The protracted slowdown in global trade – which in part reflects increased scepticism about the benefits of globalization – points to the need for reform of the multilateral trading system. Maintaining a rules-based, inclusive and transparent trading system is critical to boosting global trade and supporting sustainable development, including the energy transition. Urgent reforms are needed to ensure that the World Trade Organization (WTO) can resolve disagreements among member countries, accelerate progress on global trade agreements, and tackle new challenges, including the growing use of trade restrictions.
Global progress in financing sustainable development remains slow and fragmented. With many developing countries in debt distress, urgent and more effective international cooperation and support is needed to restructure debt and address refinancing challenges. The Global Sovereign Debt Roundtable, established in February 2023, aims to facilitate collaboration between stakeholders and enable coordination, information-sharing and transparency. Efforts are under way to improve contractual clauses to prevent and more effectively resolve debt distress and crises. There is a need for more robust and effective multilateral initiatives that provide clarity regarding steps and timelines for processes, the provision of debt standstills during negotiations, and better ways to ensure adherence to the “comparability of treatment” principle among different creditors.

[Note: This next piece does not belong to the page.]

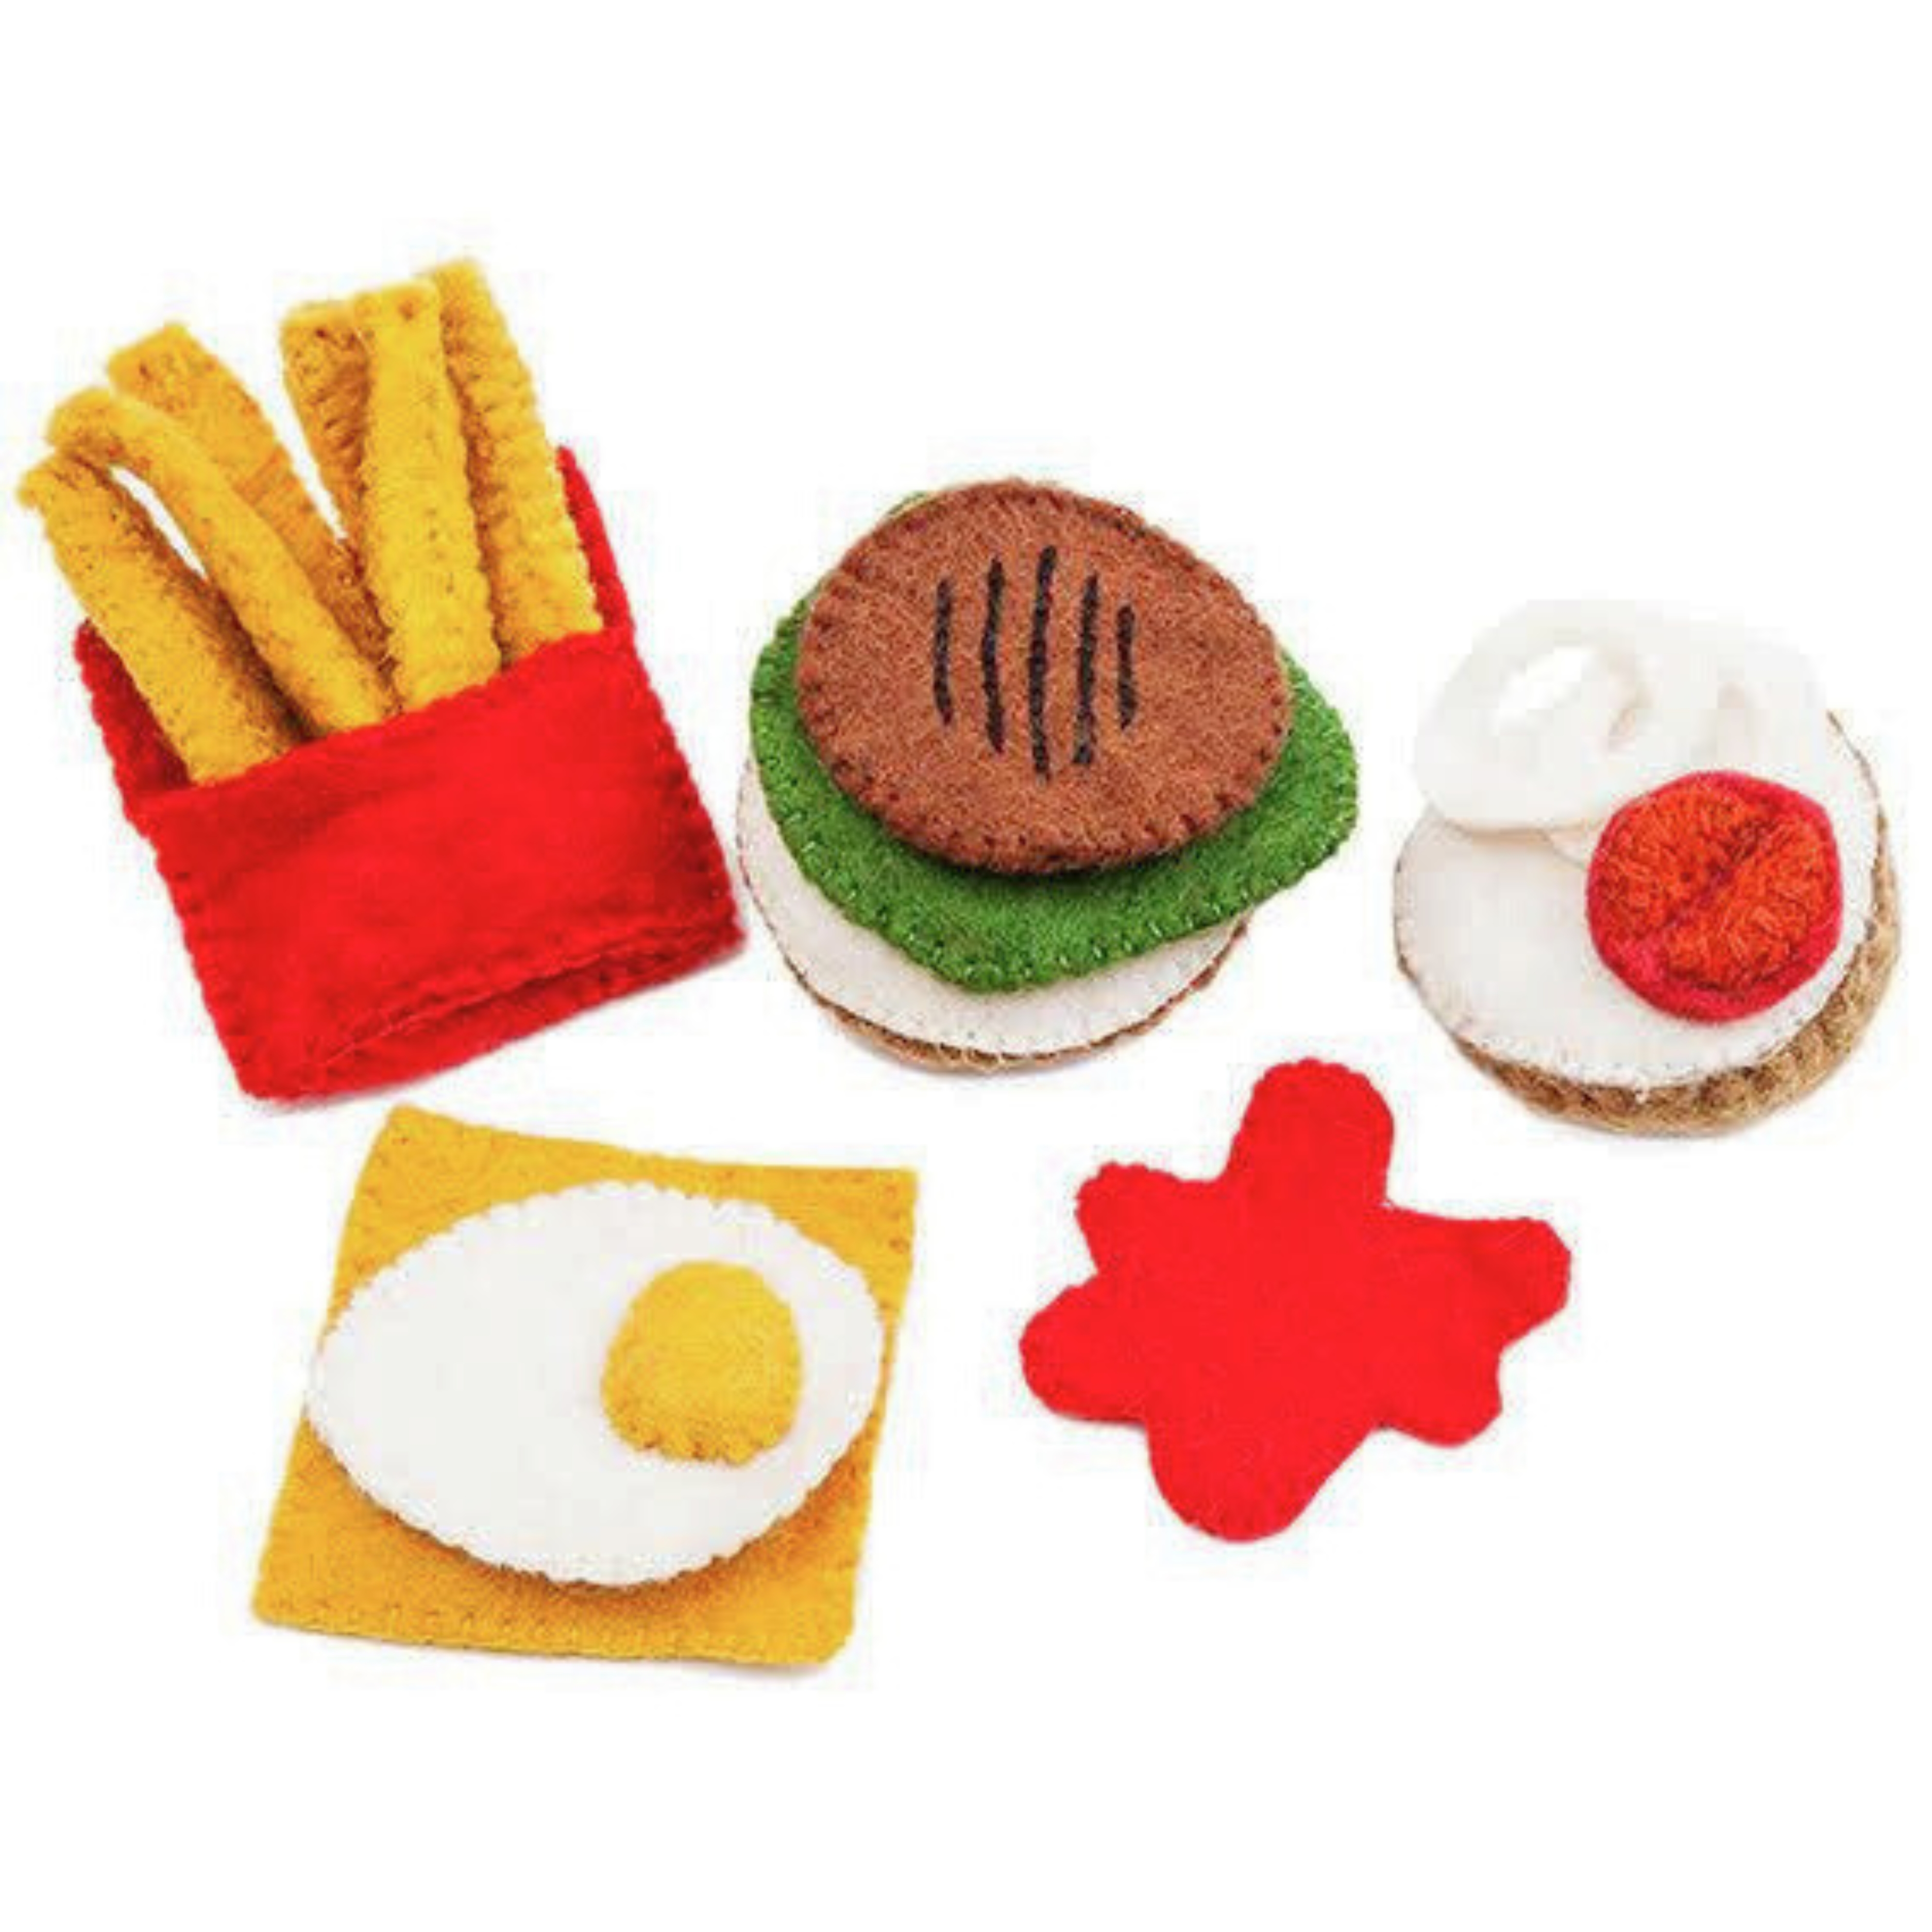 Food - Burger and Fries Set

Scaling up climate finance is crucial to combat the climate crisis. According to recent estimates, $150 trillion in investment will be needed by 2050 for energy transition technologies and infrastructure, with $5.3 trillion required annually to transform the global energy sector alone. However, climate finance remains far below the level required to limit the temperature rise to 1.5°C above pre-industrial levels, as set out in the Paris Agreement in 2015. The effective operationalization of the Loss and Damage Fund, formally adopted at the twenty-eighth Conference of the Parties to the United Nations Framework Convention on Climate Change (COP28), and the scaling up of financing commitments made in connection with this Fund will be critical for helping vulnerable countries cope with the impacts of climate disasters. Reducing fossil fuel subsidies, strengthening the role of multilateral development banks in climate finance, and promoting technology transfer to developing countries are vital for strengthening climate action worldwide.